How to cope with anxiety in a variety of circumstances? How to cope with anxiety before speaking in an exam, in public, competition or stage, how to calm down.

Uncontrollable excitement and emotional experience often negatively affects a person’s psychological state, creating discomfort, and final result, sometimes reducing all efforts to nothing.

You also need to understand that excitement and inner experience are not always in their pure form. Often, anxiety is simply a justified negative habit that has no objective basis.

First, let's look at the definitions.

What is excitement and experience?

Excitement- emotional experience for any reason, depriving a person of inner peace and the ability to think and act as effectively as possible. One of the reasons for the excitement may not be the person’s ability and...

What does anxiety lead to?

  • To a loss of peace and self-control, and as a result – to inappropriate behavior.
  • To an unpleasant feeling of uncertainty and weakness, which is generated by a lack of control and powerlessness.
  • To loss of energy and entering a stressful state (experience burns internal energy).
  • To distraction from the process (loss of focus and concentration).
  • To negative results and failure to achieve the goal (I got worried, couldn’t pull myself together and concentrate).

For example, the man was so excited before performing on stage that his voice trembled from excitement and as a result he failed his exam and did not enter the conservatory.

The main thing you need to realize is that worry does not serve anything useful; it does not help solve a problem or achieve a goal. On the contrary, it only prevents a person from feeling calm and confident, thinking sensibly, analyzing and finding the best solutions in the process of achieving what they want.

Why do many people fail to cope with their anxiety and experience? What's stopping you?

As usual, subconscious or conscious errors—internal human programs—get in the way.

Error programs:

“Excitement is good, it helps, awakens energy, etc.” - this is stupidity, because worry is purely destructive and uncontrollable energy that only gets in the way. At the same time, anxiety burns the useful energy of consciousness.

“Excitement is normal, and the more serious the situation, the more anxiety there should be” is also nonsense. It is better that in a responsible situation, concentration and self-control grow, rather than frustration and worry.

“I worry that others will see that I care” (to make an impression, to arouse pity, etc.). You need to understand that pity is not respect, it is weakness.

The main reasons for anxiety and worry? So what should you do?

1. Internal fears and complexes. See the following articles for more details:

2. Lack of Self-Control Skills(the ability to extinguish and completely turn off internal experiences with the help of commands and will).

3. Thinking errors– not understanding what the excitement should be replaced with. When a person is worried, chewing on thoughts like “What if something doesn’t work out...”, “If only it would pass...”, etc. That is, when a person in his own mind thinks up something for himself, overwhelms himself, chews, instead of directing his mind, his thoughts to solving the task at hand.

All thinking errors should be replaced by analysis, enumeration of options, finding the best solutions and taking the right psychological attitude “for results, for victory” (like athletes at the Olympics).
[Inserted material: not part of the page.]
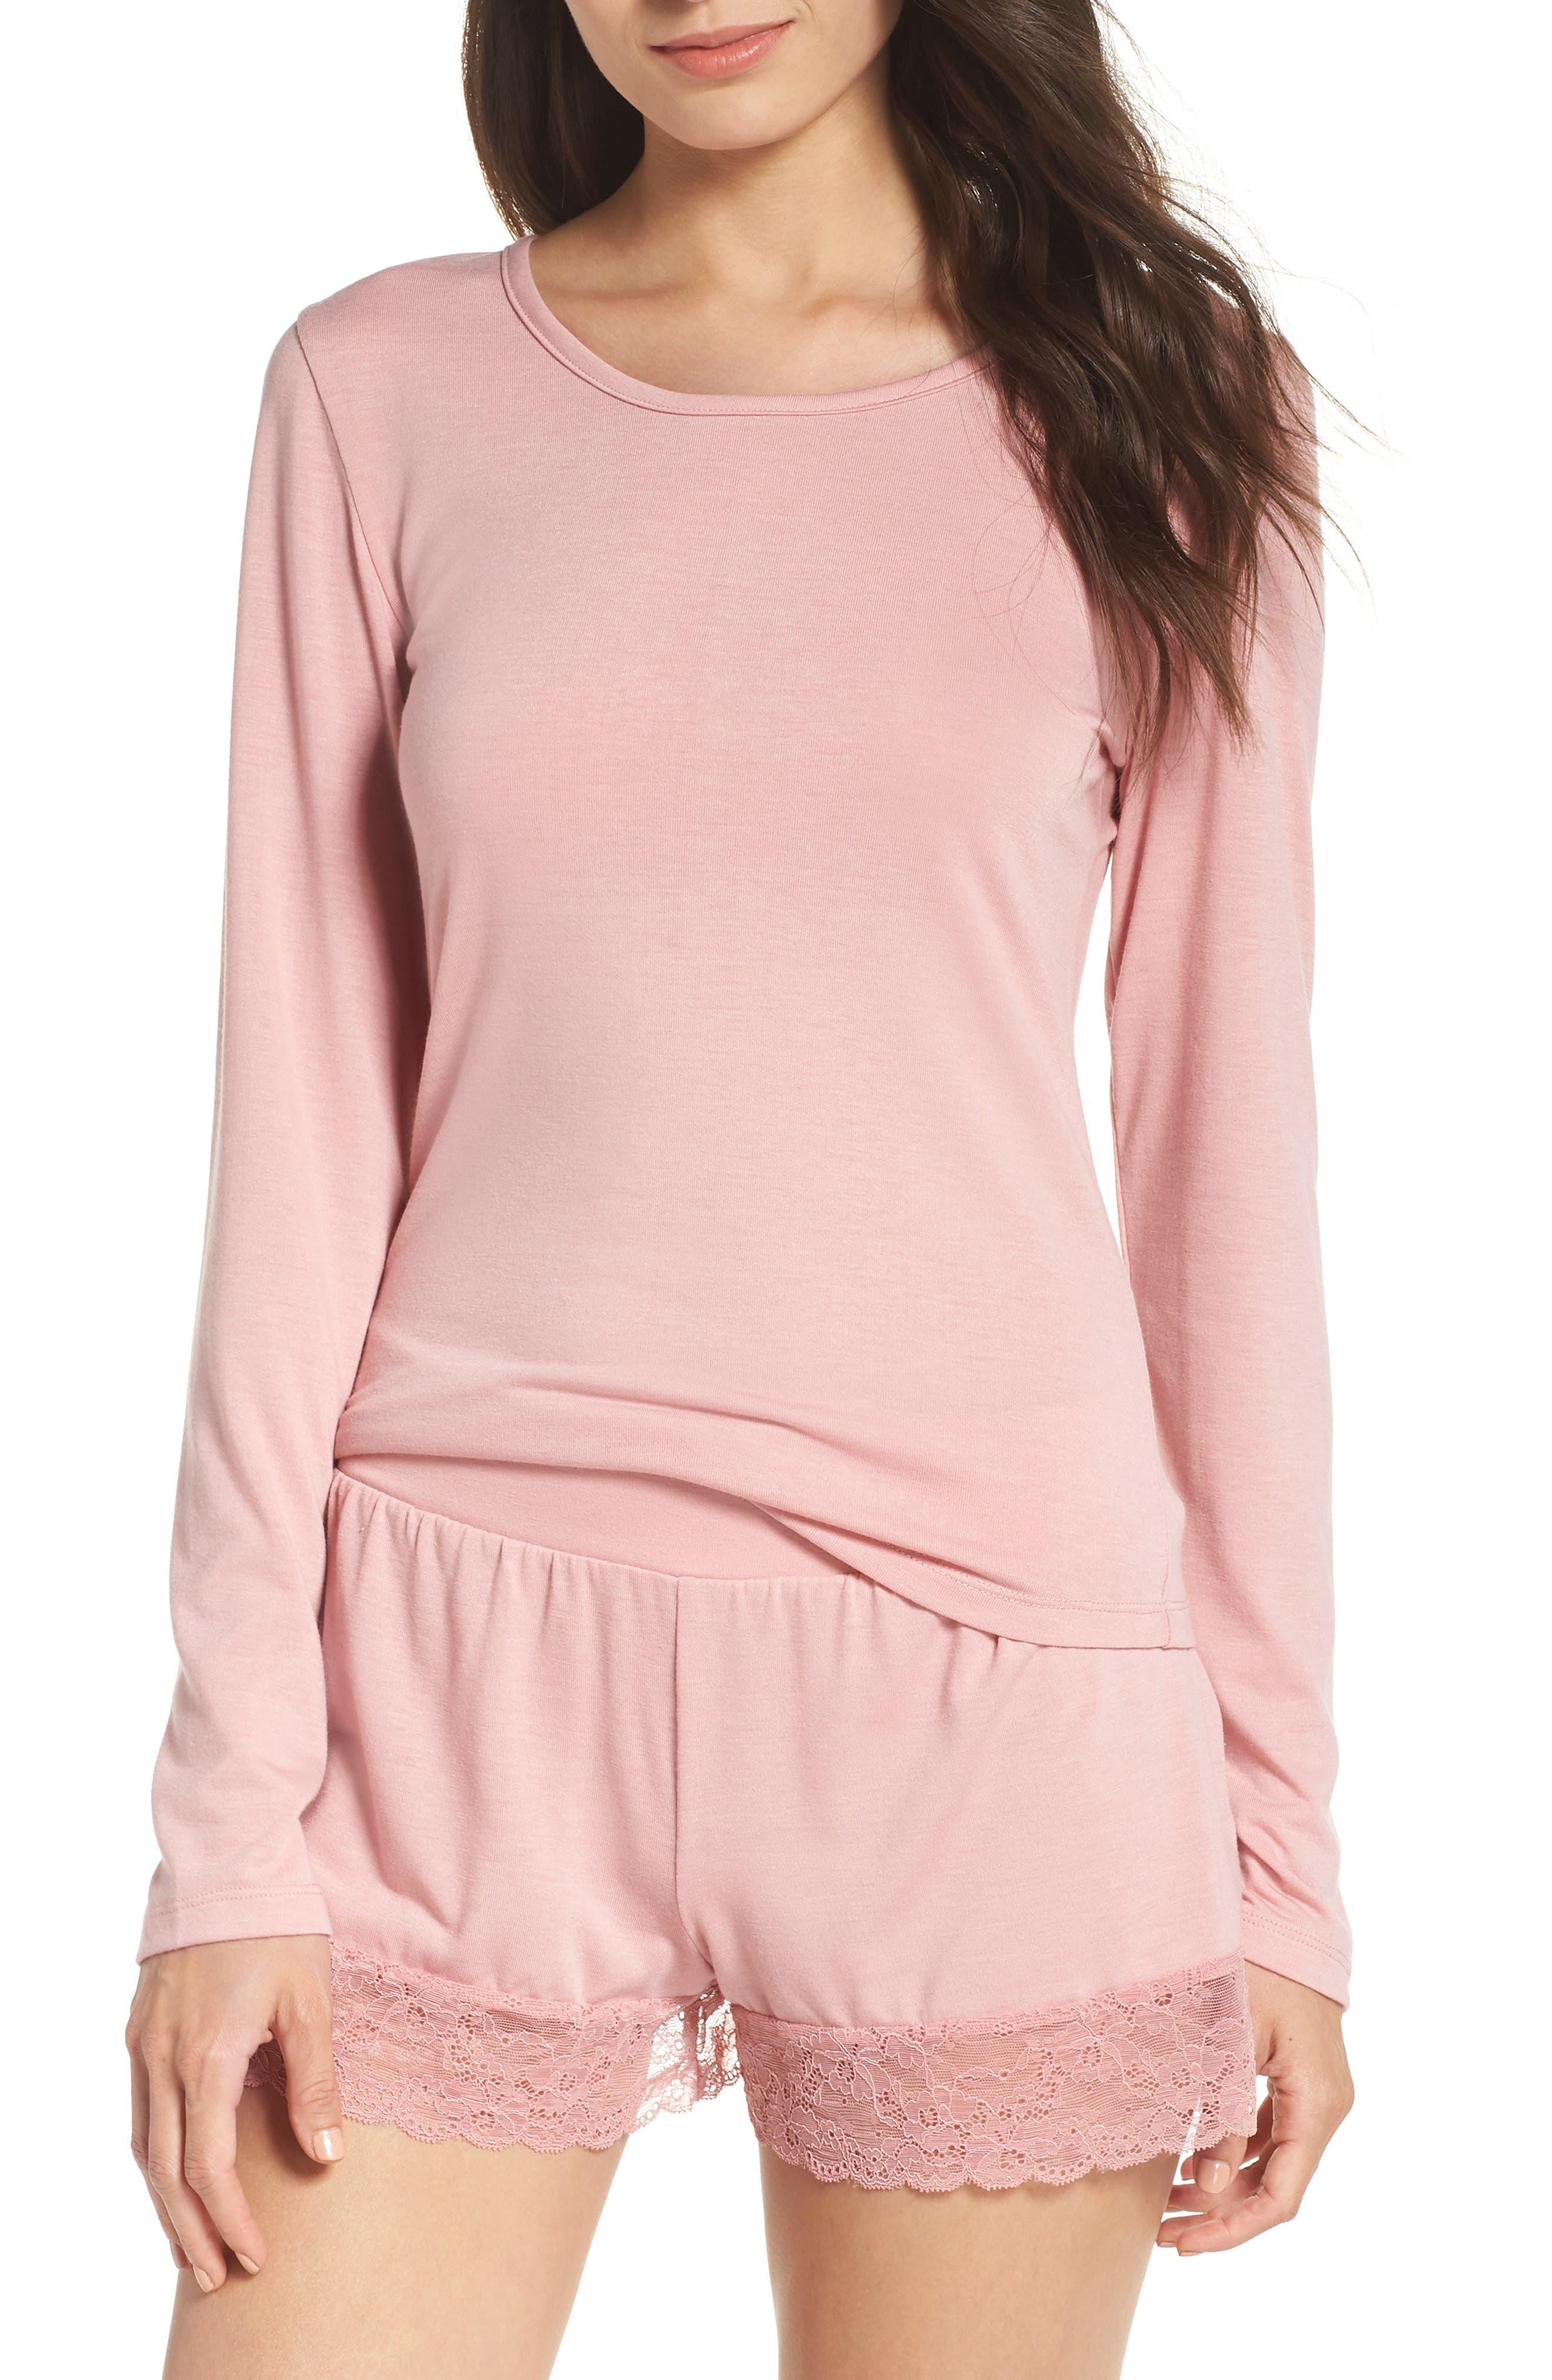 Honeydew Intimates Sheer Luck Pajamas, Pink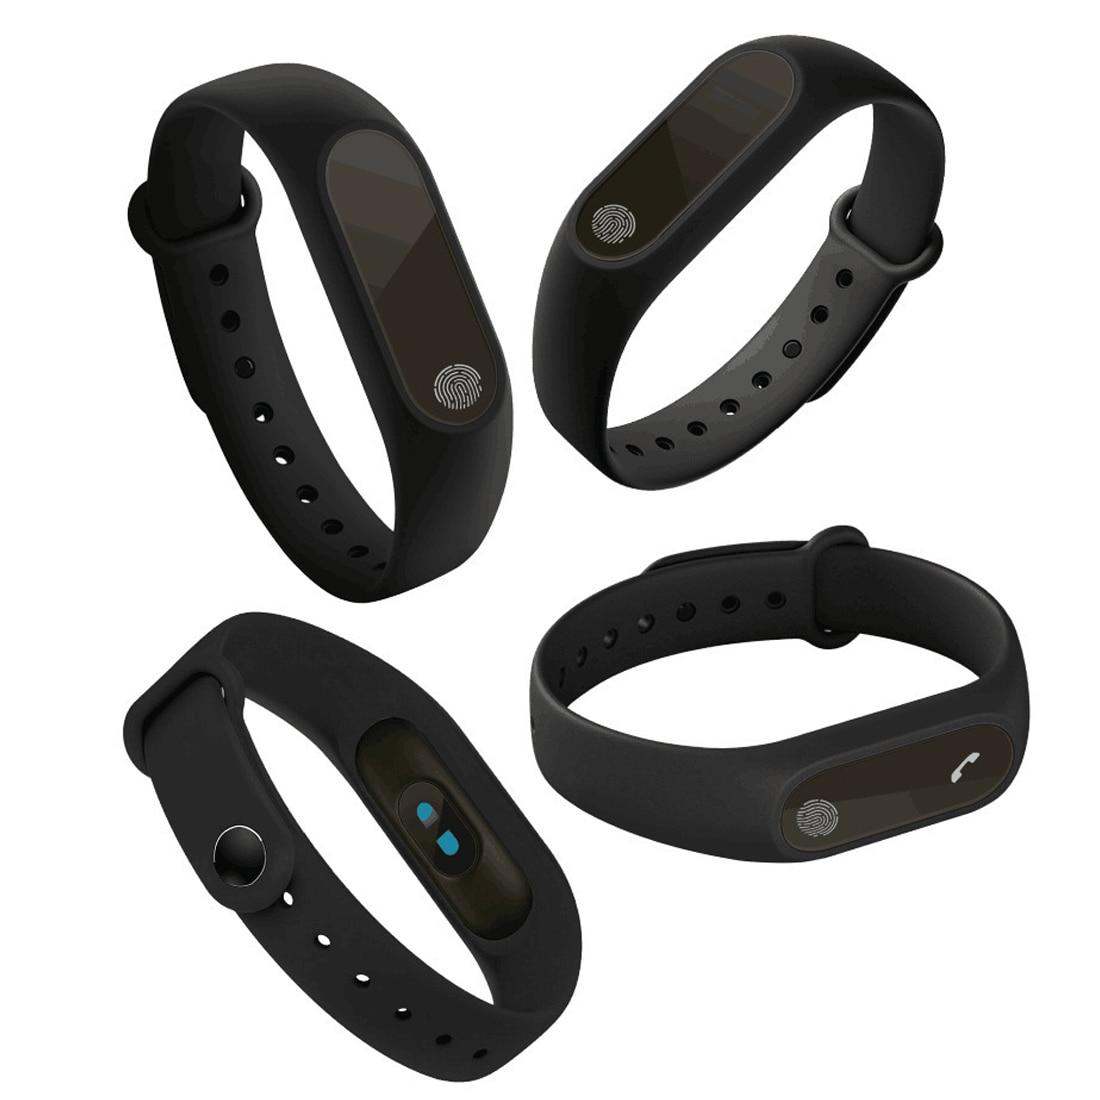 цена на Hot Sale Running Step Calorie Counter Digital LCD Walking Pedometer Wrist Sport Fitness Watch Bracelet Display Sports Tracker

4. Mastering techniques for relieving tension and tightness, learning to purposefully relax and calm the mind.

  • (this article presents techniques for calming the mind and turning off emotions and experiences)

It is important to understand! Removing the habit of worrying in principle and eliminating worry in a specific situation are completely different tasks! There are a lot of articles on the Internet with recommendations for somehow extinguishing current anxiety and relieving the emotions of experiences. But this does not mean that if you remove the experience now, it will not return tomorrow when you find yourself in a similar situation.

Therefore, if you really want to cope with anxiety once and for all, you need to understand and remove the individual causes of anxiety. Those reasons that are listed in this article or your purely individual reasons, which you still need to be able to correctly identify.

To understand and remove the individual causes of experiences, the best thing I can recommend to you is to work with or.

Excitement is an unconscious psychological state into which a person enters when various circumstances arise, most often associated with general attention from others. About that in various life situations, can be read in many manuals on self-government. However, knowledge alone is not enough, since it also requires the ability to own one’s own mental state.

The ability to manage oneself is one of the most difficult tasks for every person, since most people find it quite difficult to cope with various emotional states and, even more so, try to control them. Excitement manifests itself differently for everyone, but most often a person begins to blush, trembling appears in his hands and voice, a feeling of embarrassment arises and a desire to get rid of unnecessary attention to his own person. It should be noted that mankind has not yet invented a cure for anxiety, and therefore everyone finds for himself the ways with which he can maintain composure and not show it to others.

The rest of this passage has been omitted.